Top of Source information
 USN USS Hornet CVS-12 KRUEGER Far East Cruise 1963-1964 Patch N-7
Bottom of Source information
Top of Source information
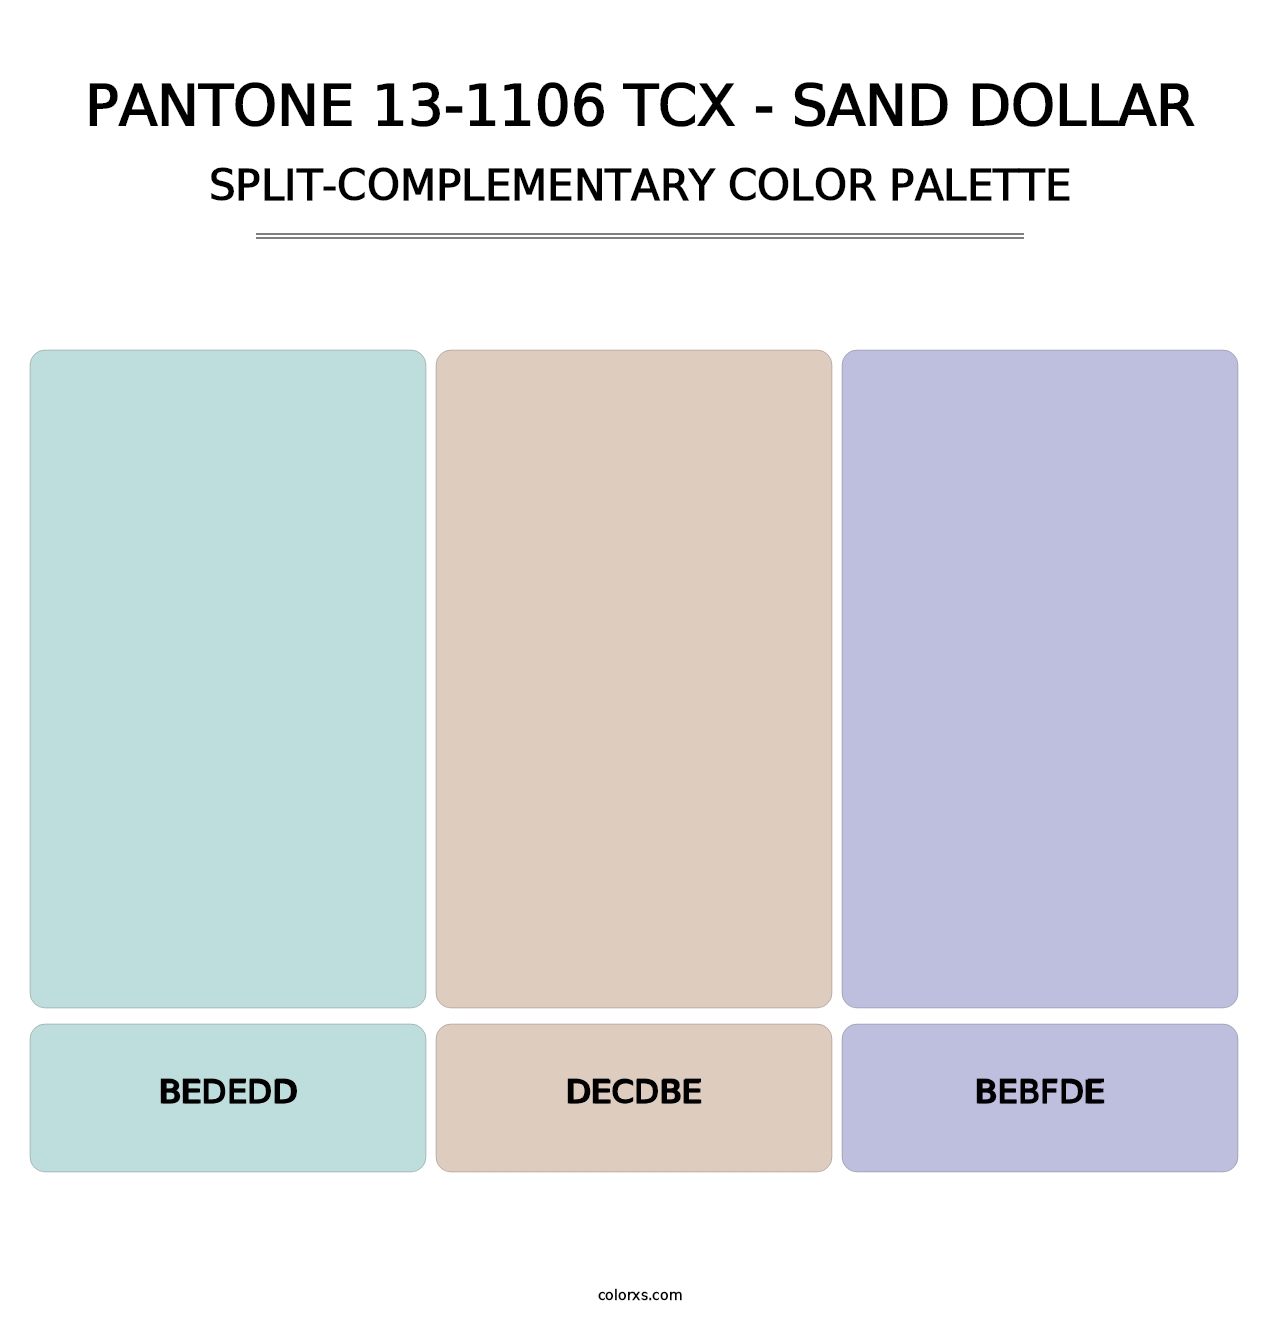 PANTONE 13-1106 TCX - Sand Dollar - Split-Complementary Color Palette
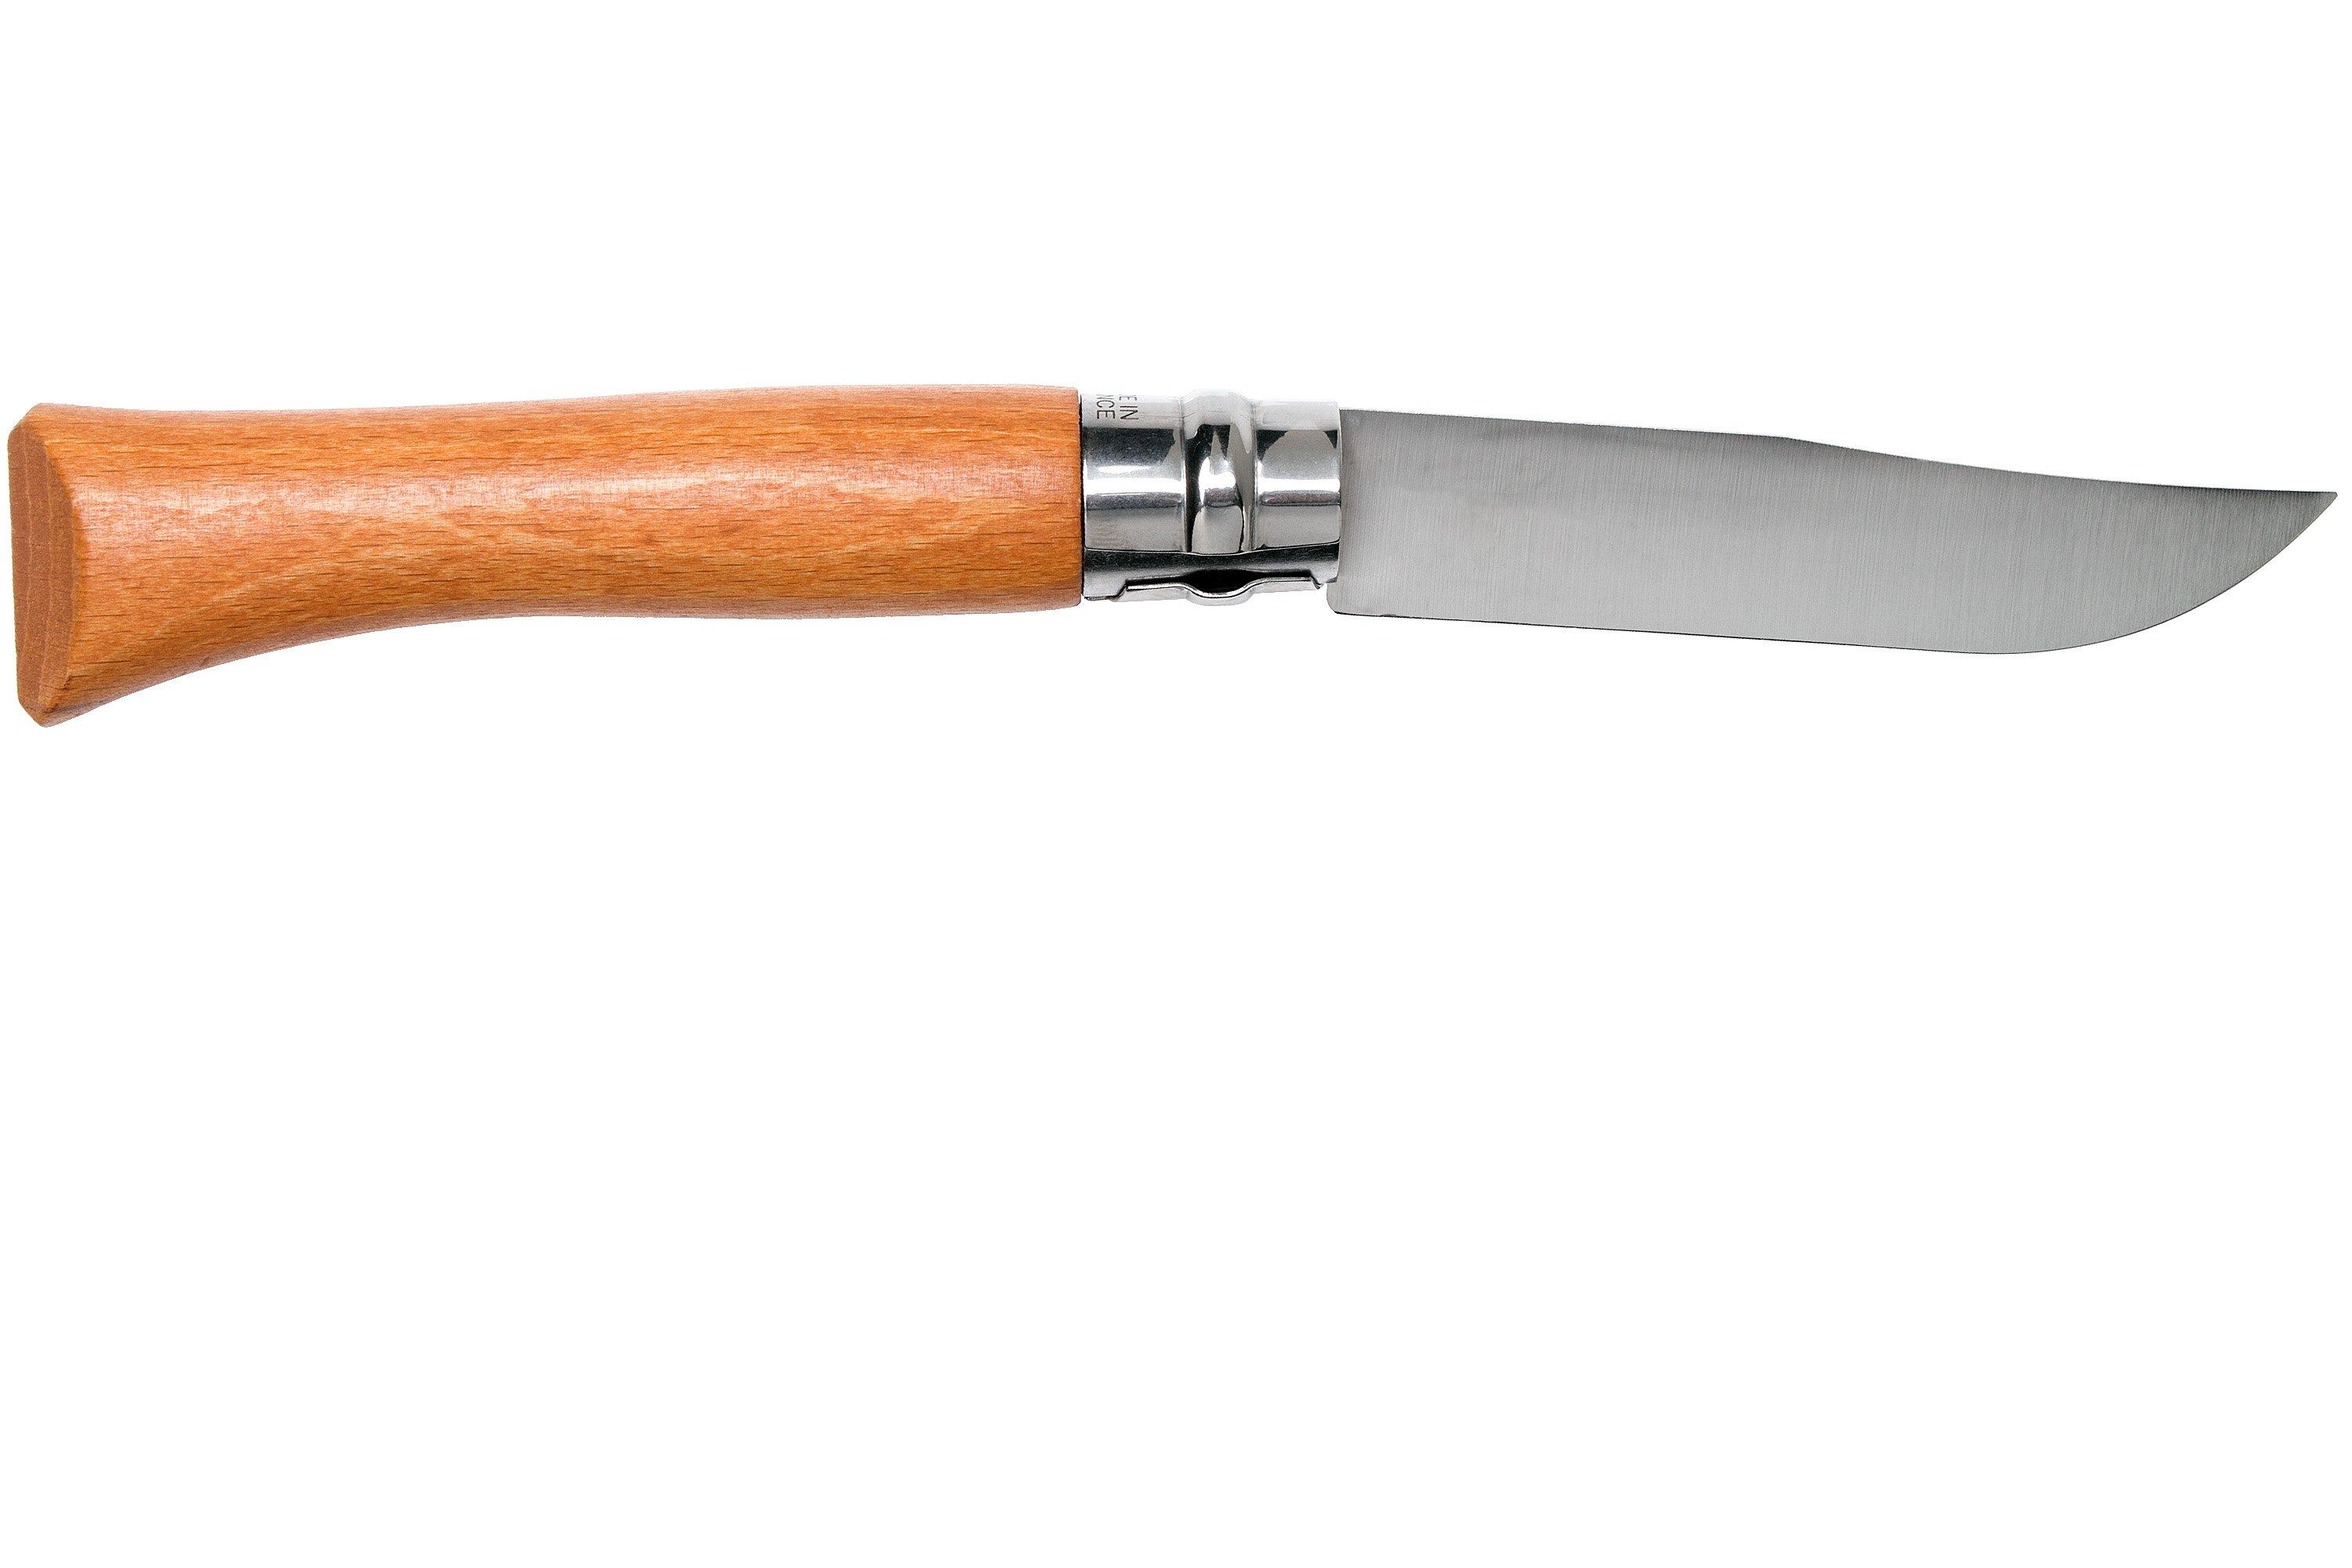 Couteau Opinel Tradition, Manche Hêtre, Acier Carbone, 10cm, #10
Bottom of Source information
■ **Exercise brief**
In the entries above, find the line with "PANTONE 13-1106 TCX - Sand" and the line with "Couteau Opinel Tradition, Manche". Return exactly those lines and all the ones between them, pictures excluded.

■ **Answer area**
 PANTONE 13-1106 TCX - Sand Dollar - Split-Complementary Color Palette
 Couteau Opinel Tradition, Manche Hêtre, Acier Carbone, 10cm, #10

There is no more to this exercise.